W tym roku WOŚP gra pod hasłem "Chcemy wygrać z sepsą". Według Światowej Organizacji Zdrowia w 2017 roku sepsa wystąpiła u 49 mln ludzi na świecie, a 11 mln zmarło z jej powodu. Prawie połowa zachorowań dotyczyła dzieci (około 20 mln), a w populacji do piątego roku życia sepsa była przyczyną 2,9 mln zgonów.
Jak jednak olsztynianie odnoszą się do całej akcji? Przeważająca większość osób z którymi rozmawialiśmy z całego serca popiera działania WOŚP. Każdego roku starają się wspomóc, choćby niewielkim, datkiem.
- Gdyby nie Orkiestra to nie wiem, jak wyglądałaby nasza służba zdrowia - powiedział nam około 50-letni mężczyzna.

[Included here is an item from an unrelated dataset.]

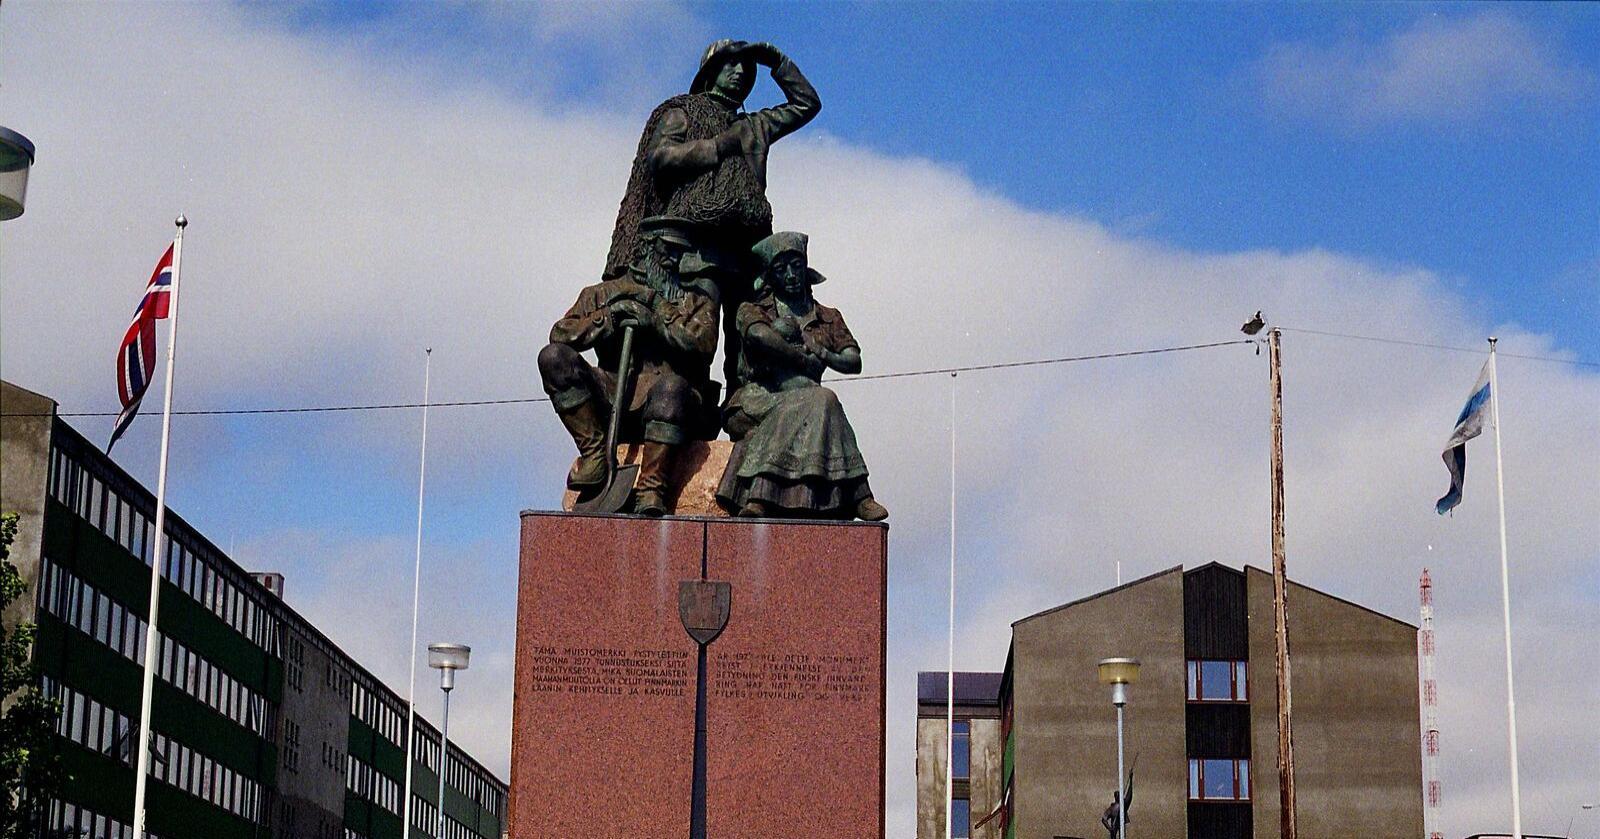 Sentralt i Vadsø står innvandrermonumentet som ble reist i 1977 til minne om den betydelige kvenske innvandringen til Finnmark på 1800-tallet.  Dette har gitt Vadsø tilnavnet kvenenes hovedstad. Under dagens regjering har 570 innbyggere flyttet fra kommunen. Foto: Berit Keilen/NTB scanpix
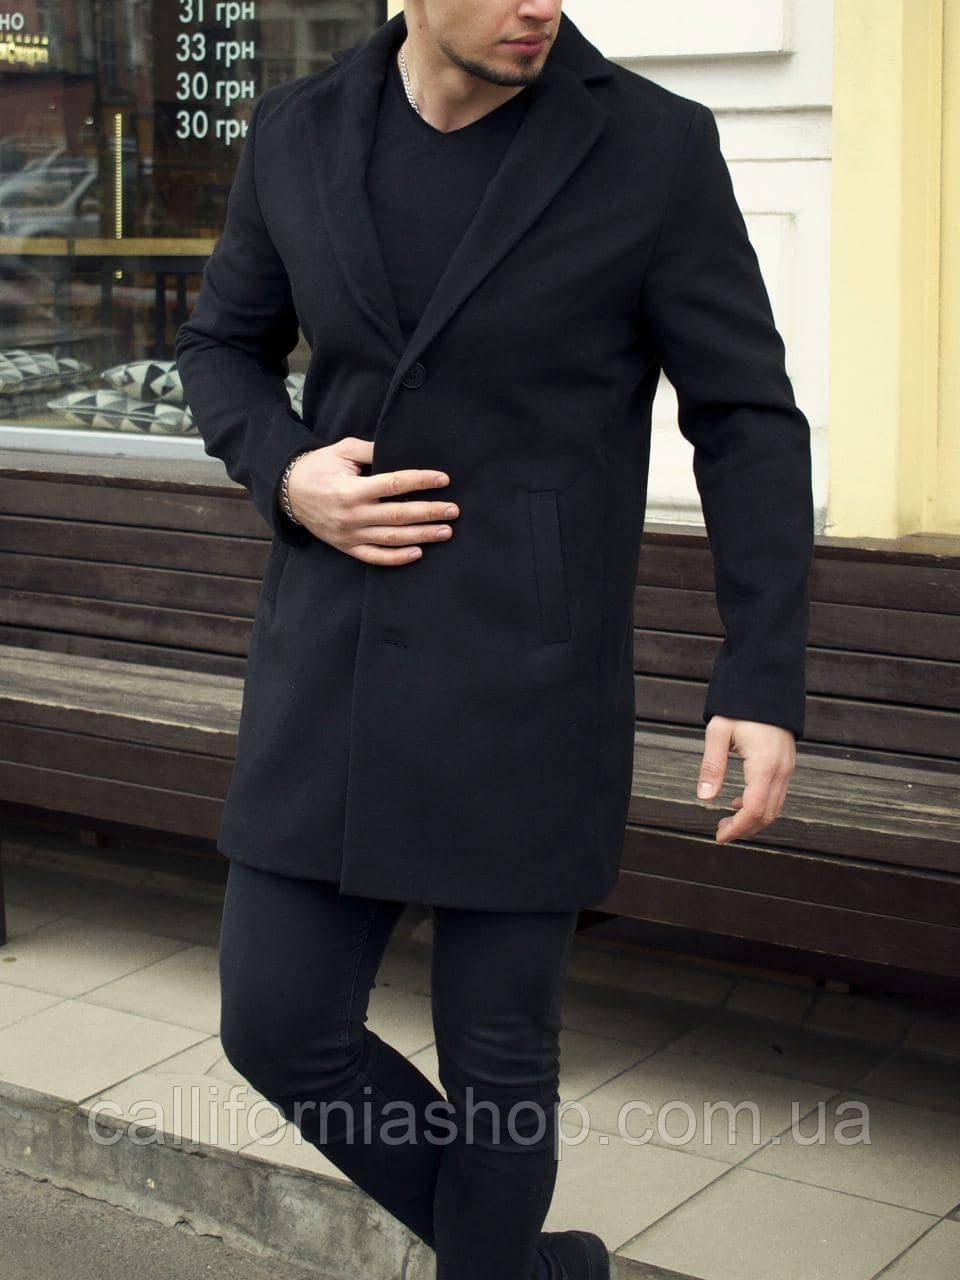 Пальто мужское классическое кашемировое черного цвета длинное демисезонное

Jako, że pojawiają się także negatywne informacje ma temat zbiórek czy kwest, postanowiliśmy w naszej ulicznej sondzie poruszyć również ten aspekt.
- Staram się cedzić takie informacje - przyznała nam jedna z kobiet i dodała, że "zawiść ludzka bywa straszna".
Inna napotkana przez nas osoba zaznaczyła, że to zadaniem państwa jest opieka nad słabszymi czy chorymi. A w akcję pomocy mógłby się włączyć także kościół: - Rzadko się zdarza, by pieniądze z tacy były oddawane na WOŚP. To jest straszne, że żebrzemy o pieniądze dla dzieci, czy na osoby chore. Wiele takich problemów powinno być załatwione przez państwo.
Inny mężczyzna przyznał także, że "kiedy rząd nie jest w stanie odpowiednio zaopiekować się starszymi, czy chorymi, inicjatywę przejmują ludzie".
Kiedy dopytywaliśmy o tą "ciemną stronę" tego typu akcji, jeden z naszych rozmówców przyznał, że "to jest typowo polskie - zamiast szukać pozytywów i wspierać to szuka się historii nie wiadomo jakich, jak to nazwał: z mchu i paproci".
Rok temu WOŚP zebrał 224 376 706,35 zł czyli ponad 13,5 mln zł więcej niż przed rokiem. Znacząca większość środków została dedykowana na dziecięcą okulistykę.
Każdego roku zbiórkę wspiera blisko 120 tys. wolontariuszy nie tylko w Polsce, ale również za granicą.
Od początku istnienia i działania Wielkiej Orkiestry Świątecznej Pomocy udało się zebrać ponad 1,5 mld zł.